Since the 19th century – indeed since the first Inishowen map-makers of 1609 dipped their quills into ink – people have attempted a complete compendium of Inishowen place-names and their Gaelic origins. This book doesn’t claim to be the most forensic study to date but it is the first to cover the entire peninsula –from Urris to Templemore. Few are aware that four fifths of the parish of Templemore – now in Co. Derry – were once part of Inishowen and occupied a strategic location in the southern neck where the Gaelic O’Doherty chieftains built their most important castles and strongholds.
Seoirse Ó Dochartaigh is a lover of Gaelic culture and the Irish language which he has studied with dedication for over 4 decades. For several years now, he has been studying old maps and talking to many natives of the peninsula about the true origins and meanings of names of Inishowen townlands, mountains, rivers and hamlets. Though the work of collecting can never be truly finished until every stick, stone and nuance has been recorded and published, Ó Dochartaigh provided us with a rich harvest of colourful names, many of them published here for the first time. The author has, in effect, reversed the Anglicisation process that began in the 17th century and has even translated some English names back into indigenous Irish versions based on local ways of saying things and local ways of describing the landscape.

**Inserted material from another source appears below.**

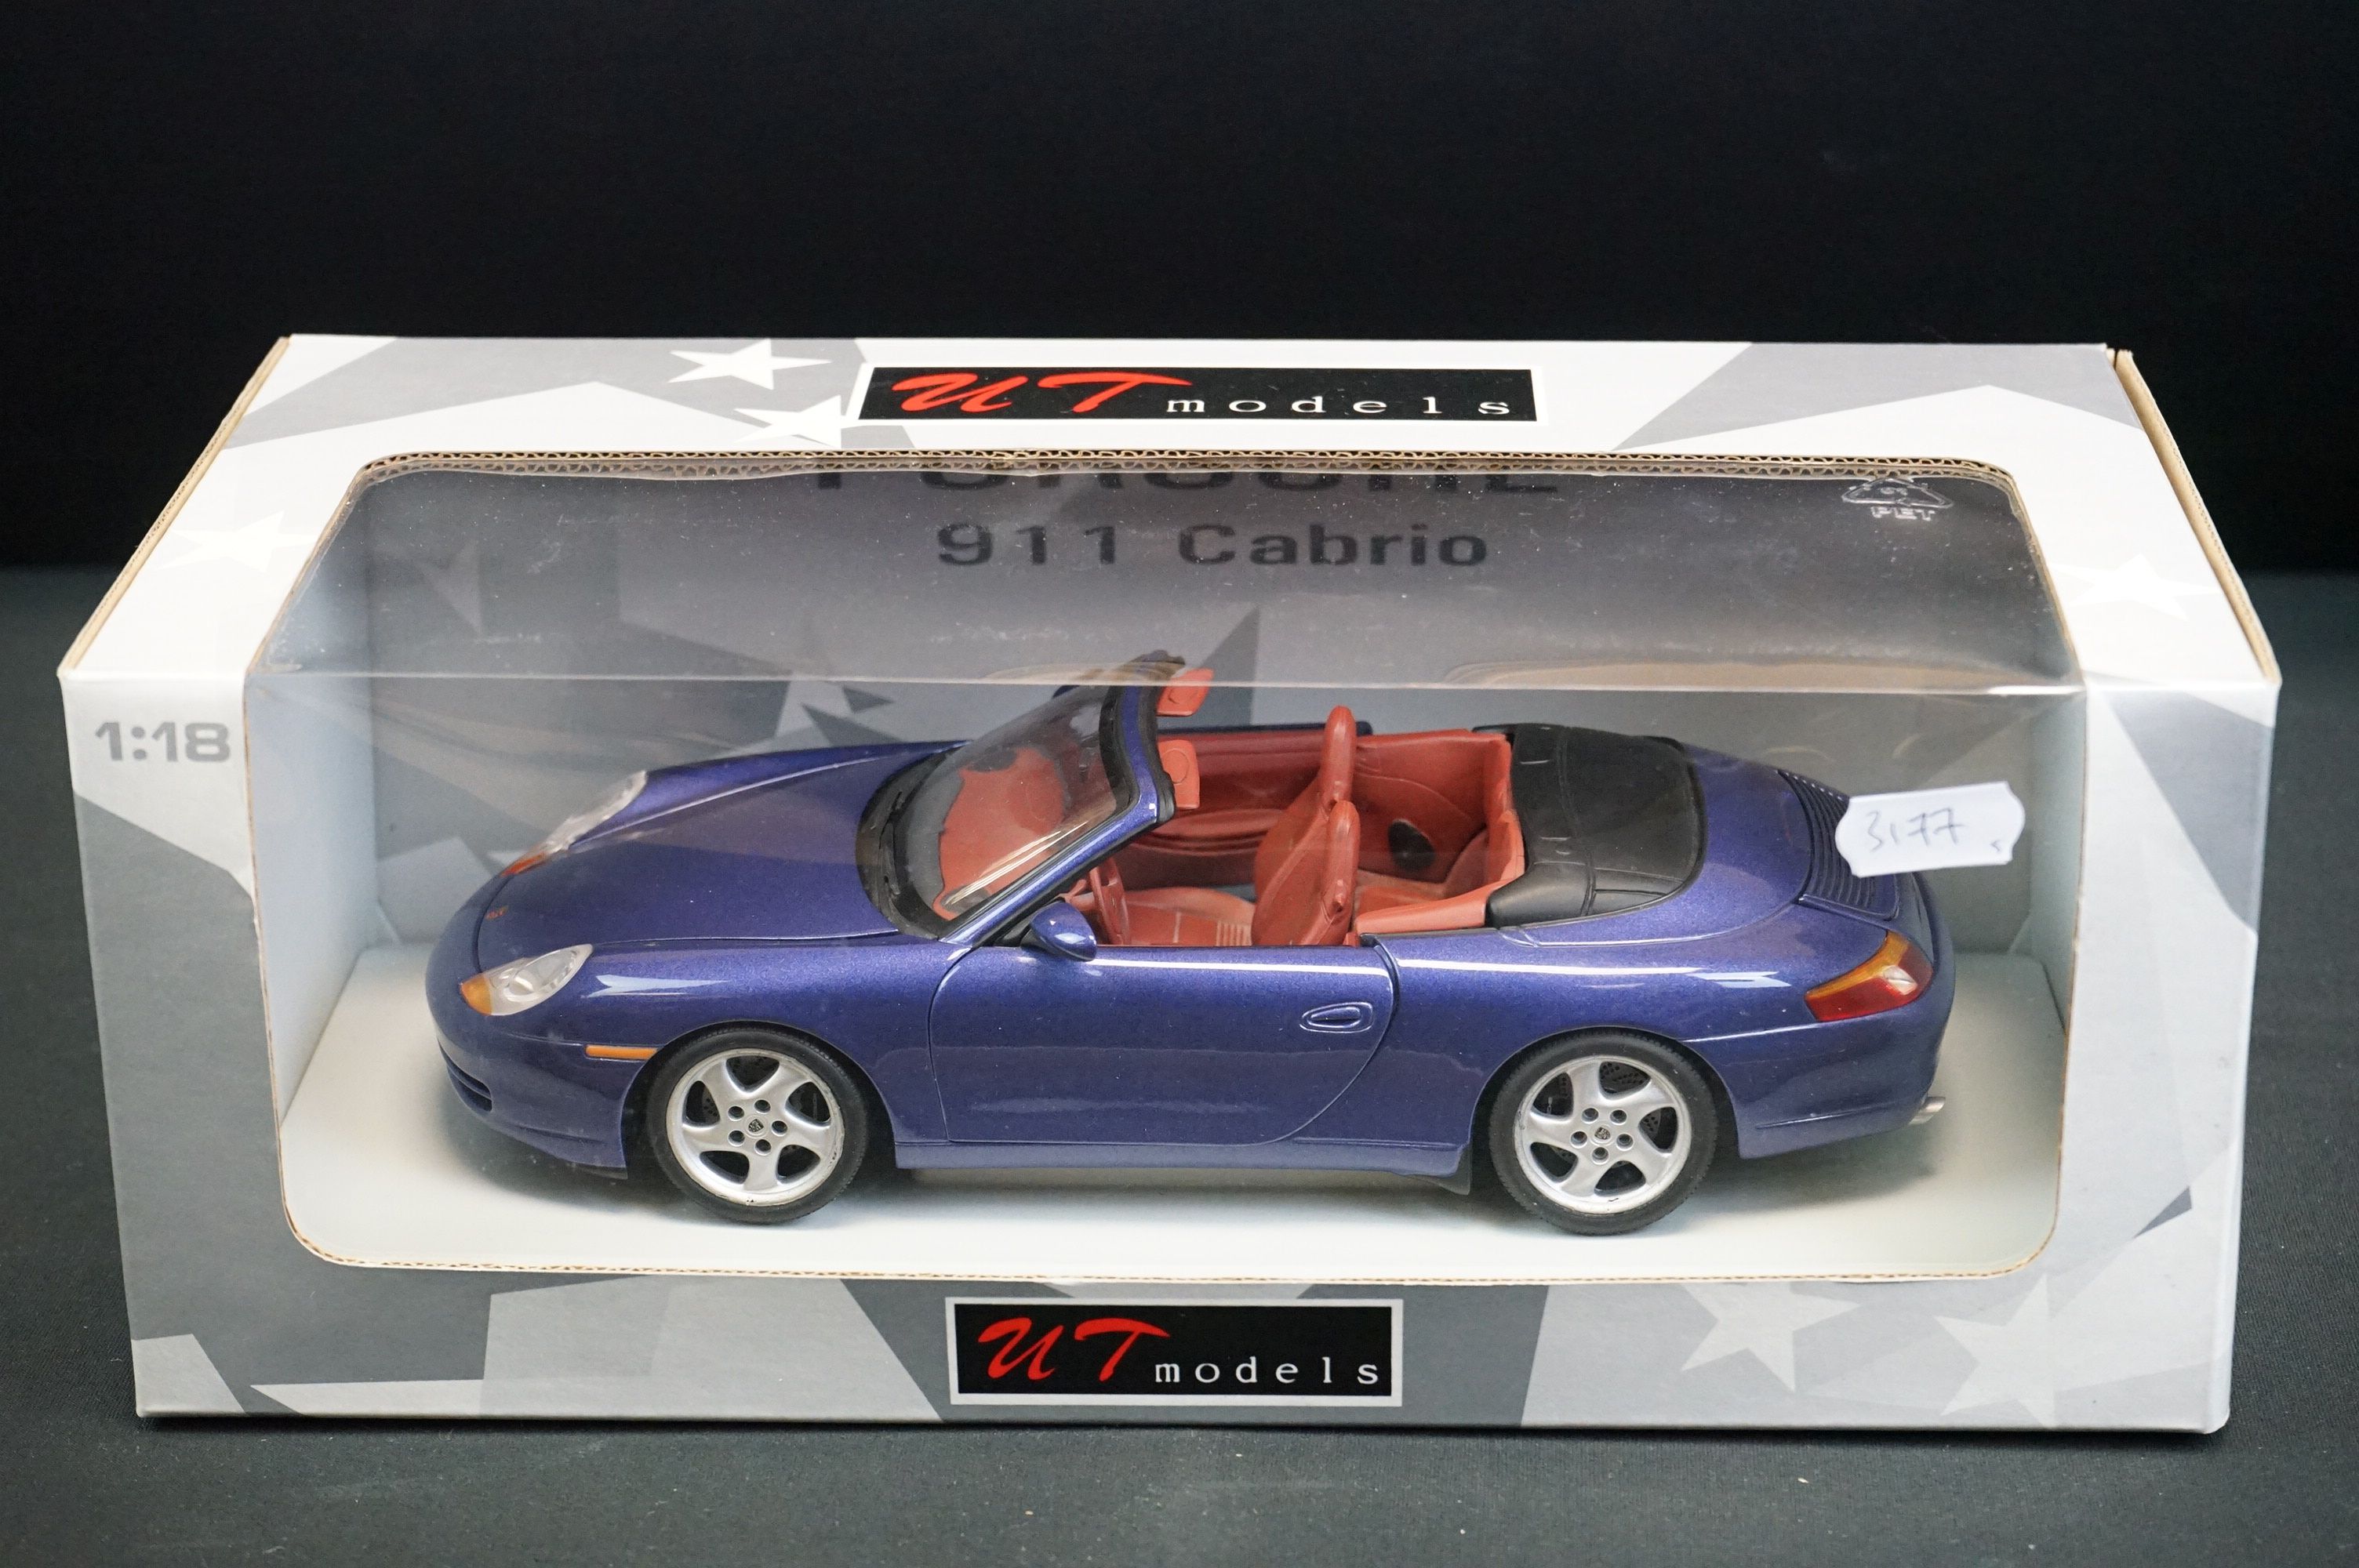 Five boxed 1/18 UT Models diecast models to include Porsche 911 Cabrio, Ferrari F355 Spider, Porsche - Image 3 of 6

There is a plethora of maps here too– some very rare indeed – and historical sources used throughout the book indicate that many Inishowen place-names are more than 2000 years old – some even going back to the centuries BC and still in use today.
Seoirse Ó Dochartaigh’s book should not only stimulate local interest but should also tantalize the imagination of readers at home and abroad. This is a topographical odyssey.